Bu konuda açık birçok nas vardır. Sizin söylediklerinizin sahih bir delil olduğu kabul edilse bile, gizli bir çok mukaddimeye ihtiyaç vardır. Mesela şöyle denilmesi gibi:
Bu, evveli olmayan hadislerin butlanını gerektirir.
Bu cismin hudusunu gerektirir. Çünkü cisim kadim olsaydı, hadislerin başlangıcının olmaması gerekirdi. Çünkü cisim, hadisleri gerektirir. Cisim hadislerden uzak olmaz. Çünkü varlıkların veya hareketlerin veya arazların ona gereksinimi vardır.
Bundan sonra şöyle denilir:
Sıfatların ispatı, mevsufun cisim olmasını gerektirir. Bu mukaddime, kendi içinde onu söyleyenlerle çelişmektedir. İnşaallah bunu açıklayacağız.
"O her şeyi bir bir sayar" ayeti buna nasıl delil olmaktadır?
Allah Subhanehu, mahlukatın ölçüsünü gökleri ve yeri yaratmazdan elli bin sene önce takdir etmiştir.
"Şüphesiz Biz herşeyi apaçık bir kitapta saymışızdır"
(Yasin: 39/12)
O, olmazdan önce, belli bir süre için var olacak şeyleri saymış ve yazmıştır.
O, varken sonradan yok olmuş saydığı gibi madum olan müstakbeli de saymıştır. İhsa (saymak) lafzı ikisi (geçmiş ve gelecek) arasında ayrım yapmaz.
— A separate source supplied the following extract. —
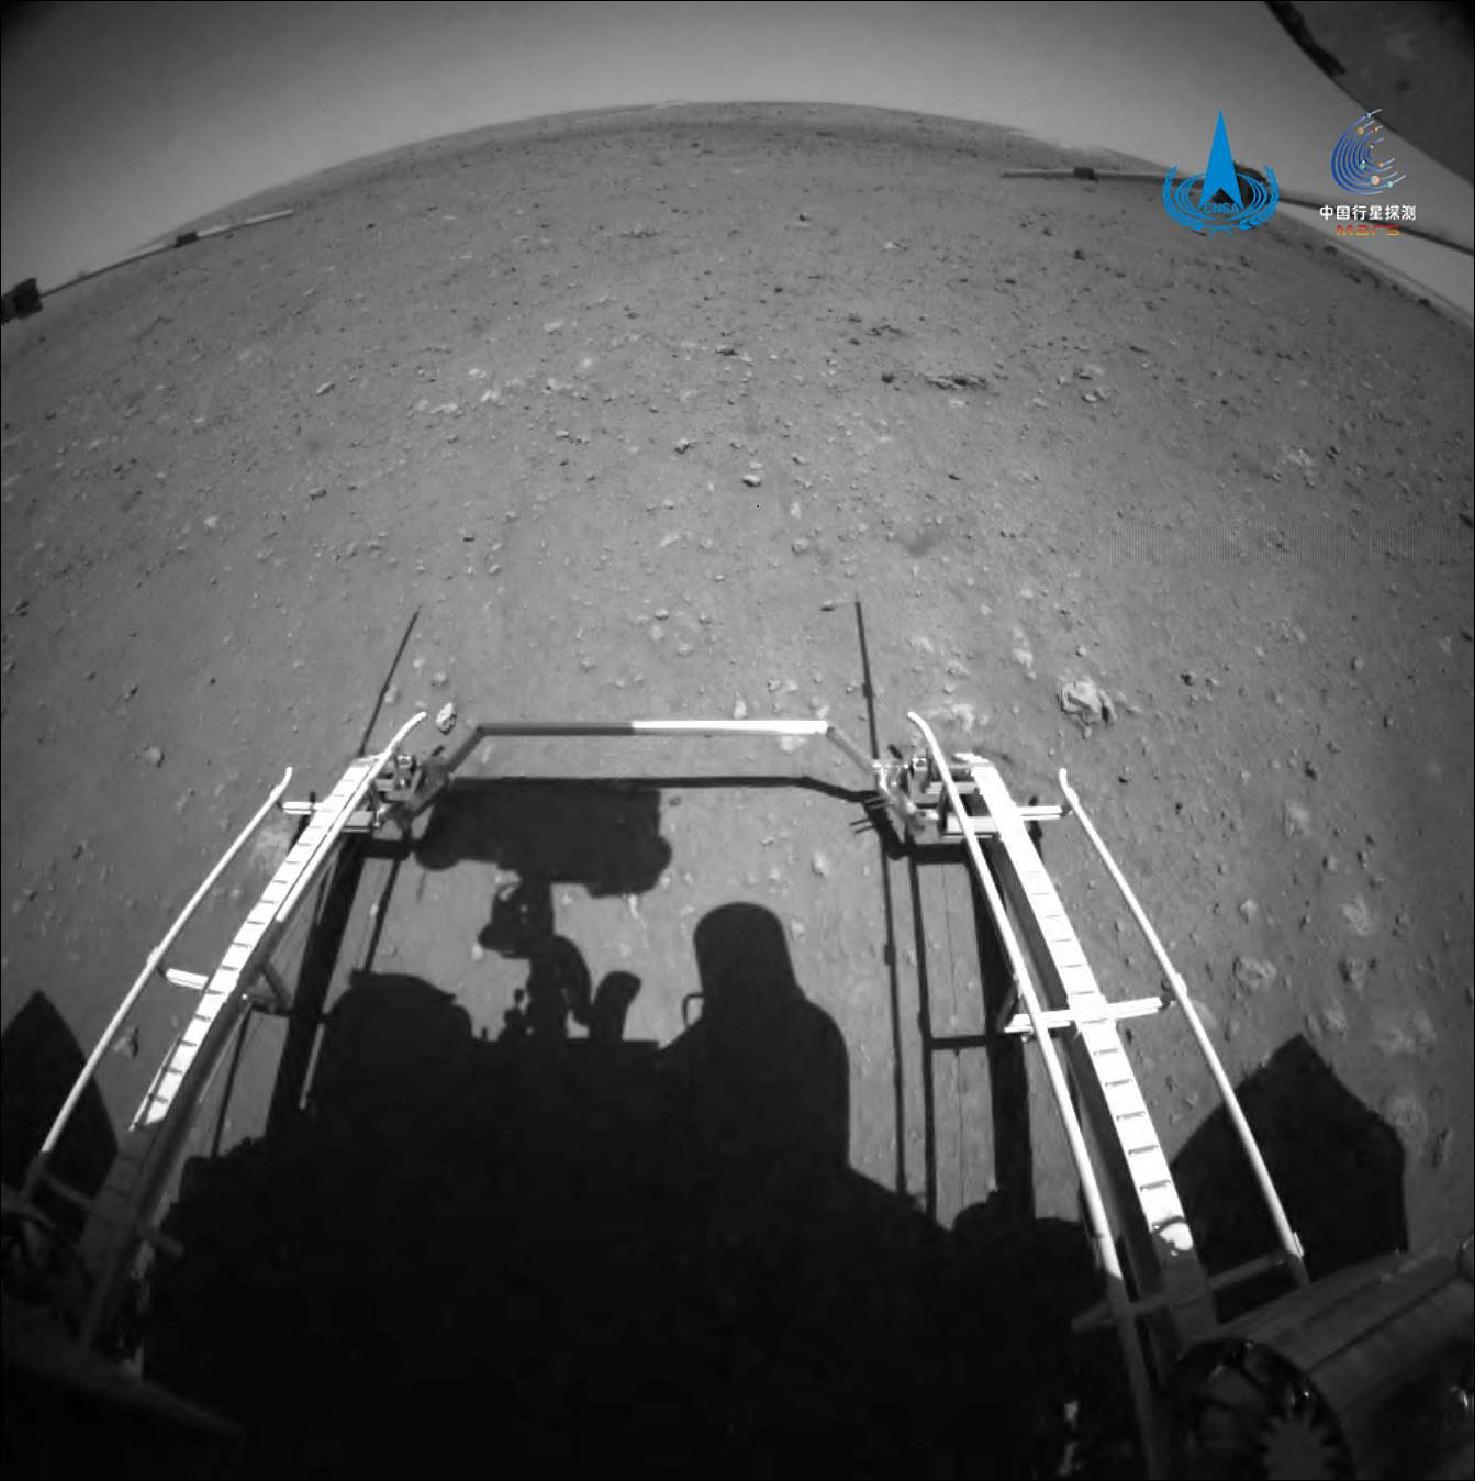 Figure 19: A forward hazard avoidance camera view during Zhurong rover deployment onto Mars (image credit: CNSA/PEC)

Her ne kadar ayetteki ihsa, cümleten sana ermeyen şeyleri geçersede ayette delil olacak hiç bir husus yoktur.
Eğer "Aksine müstakbeli saymıştır" denilirse, o zaman bunun takdiri "cümleten ba'de cümletin"
dir. Ayette bununla ilgili bir delil yoktur. Bu durumda mazi hakkında da aynı şeyi söylemek, şüphesiz mümkün olur.
Sonu gelmez ilim konusu iki kavil üzere müşkil bir meseledir. Burada amaç, bu konudaki görüşü sona erdirmek değil, asıl amaç, Allah'ın bu gibi ayetlerde, kudreti ve iradesiyle ezeli olarak mutekellim
oluşunun sürekli oluşunu iptal etmek istemediğidir.